Pintu pun, kami buka dan segera keluar. Langkah gontai ku menemaniku saat ini.
" Liyan, cepat! Kamu jangan seperti itu jalannya. Agak cepat sedikit. Biar kita cepat sampai. Urusan mu ini, begitu lama. Membuat ku ingin cepat-cepat keluar dari sini." Dengan kesal. "Mudah-mudahan ini yang terakhir." Menatap kedepan dengan sorot mata yang tajam.
Mendengar ucapan ibu sambungku. Aku hanya diam merututi nasibku sendiri dengan wajah sedih yang coba aku tahan.
" Liyan, kau harus sembuh. Kau gak boleh sakit lagi. Kalau kau sakit lagi, aku gak mau lagi membawamu berobat. Capek aku membawamu berobat saja!" Mendengus kesal.
Terus berjalan.
" Ibu, Liyan juga mau sembuh. Liyan juga engga mau sakit." Menatap ibu sambungku dengan lirih.
" Apa kau bilang! Kau engga mau sakit. Kalau kau engga mau sakit. Mana mungkin kau sakit." Penuh penekanan. Berhenti dan menatapku dengan tajam. " Kau tahu engga! Dari semenjak aku menikah sama Ayahmu! Kau itu selalu sakit-sakitan. Engga pernah, engga sakit. Pasti sakit. Itu yang kau bilang kau engga sakit." Nyengir. "Aku nyesal jadinya nikah sama Ayahmu. Sudah miskin, punya anak sakit-sakitan." Melihat ku dari ekor matanya penuh dengan kebencian.
Tanganku yang menggenggam tangannya, kini aku lepas seketika. Hati yang sedih karena sakit ku. Kini harus menjerit karena ucapannya yang begitu mengiris di hatiku. Membuat butiran kristal pun jatuh tak terbendung.
" Kenapa kau menangis?" Sorot matanya menatapku dengan tajam. Berjalan perlahan.
Rumah sakit yang ramai. Membuatku tetap menunduk. Melihat langkah kakiku yang aku ayun dengan lemah. Butiran kristal terus berjatuhan membasahi lantai. Bibir kecilku terus bergetar menahan isak tangis yang ingin keluar.
Wanita itu terus saja bersuara yang membuatku semakin merasa bersalah.

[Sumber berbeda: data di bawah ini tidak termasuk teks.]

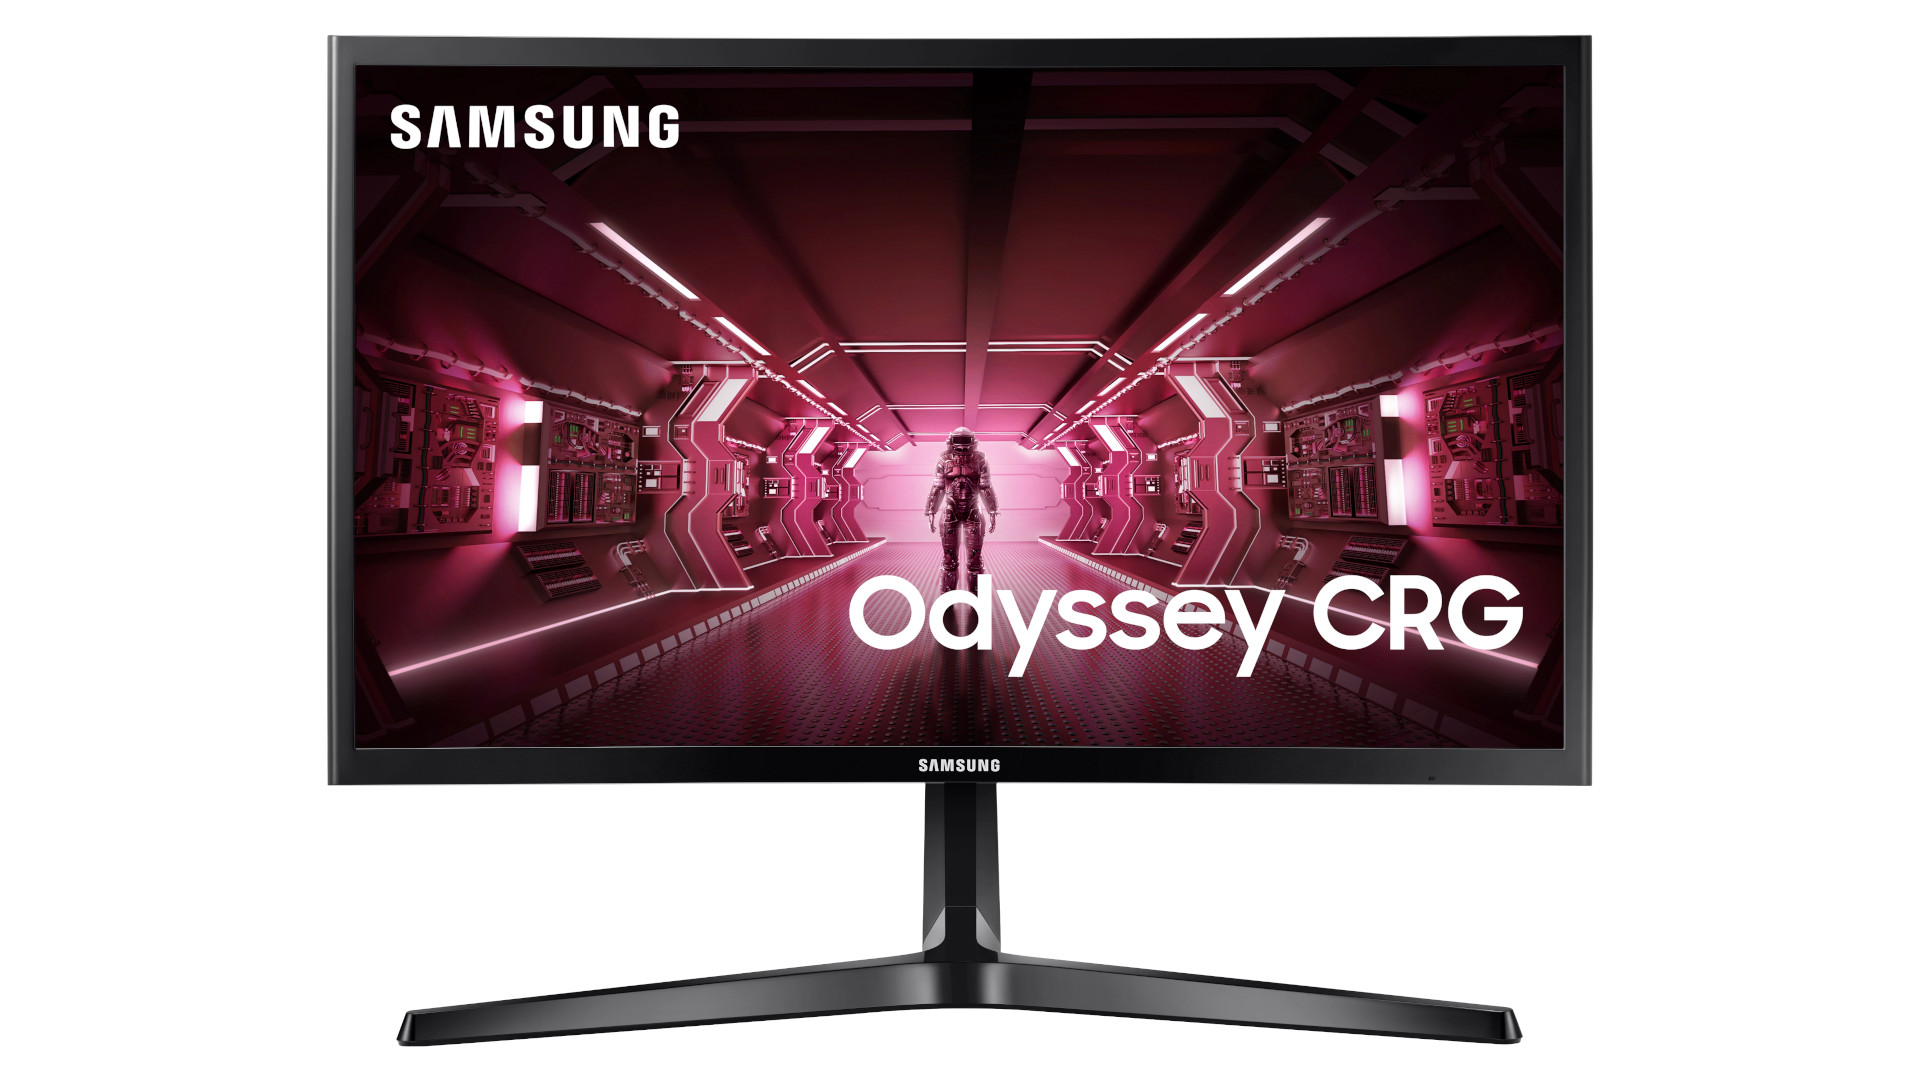 Samsung CRG5 1080p 144Hz घुमाउरो गेमिङ मनिटर Amazon मा 46% छुट छ

" Itulah kau! Sudah sakit-sakitan, cengeng lagi." Dengan kesal. " Diam, jangan menangis." Pekiknya dengan penuh penekanan. Menatap orang-orang di sekeliling.
Langkahku pun, terus ku seret. Bersama gulatan yang berkecamuk di hatiku. Berjalan menuju ruang dokter yang telah menunggu kami.
" Liyan, hapus air matamu. Nanti, kau jangan menangis di sana. Tahu!" Penuh penekanan. Masih berjalan.
Aku seketika diam. Menahan tangisku dan menghapus air mataku yang menetes. Pintu ruangan dokter yang akan kami tuju. Kini terlihat sudah. Tangan kecilku yang lemah, pun menyentuh pipiku dan menghapus air mataku. Terlihat dengan jelas, kalau ibu sambungku kini sudah lelah dengan ku.
Tatapan nanar akan diriku yang memilukan kini semakin menyeruak. Melihat pintu yang akan kami masuki. Sejenak, membuat pikirku berkata, kapan? Aku tidak memasuki pintu itu lagi. Ingin rasanya aku segera menghilang dari ini semua.
Pergi menjauh meninggalkan semaunya dengan damai. Tak ada lagi yang merasa direpotkan akan diriku yang lemah. Tak ada lagi kelelahan yang timbul akan diriku yang lemah.
Tak ada lagi perdebatan panjang akan diriku. Semua itu menjadi beban tersendiri bagi diriku.
Redaman yang tersimpan didalam hatiku. Membuatku tak bisa bernapas dengan sempurna. Terlalu banyak yang aku hadapi tanpa memandang, siapa diriku?
" Liyan, sebentar lagi dokter itu akan melihat ini." Menunjuk amplop yang di genggamnya. Dengan kedua matanya.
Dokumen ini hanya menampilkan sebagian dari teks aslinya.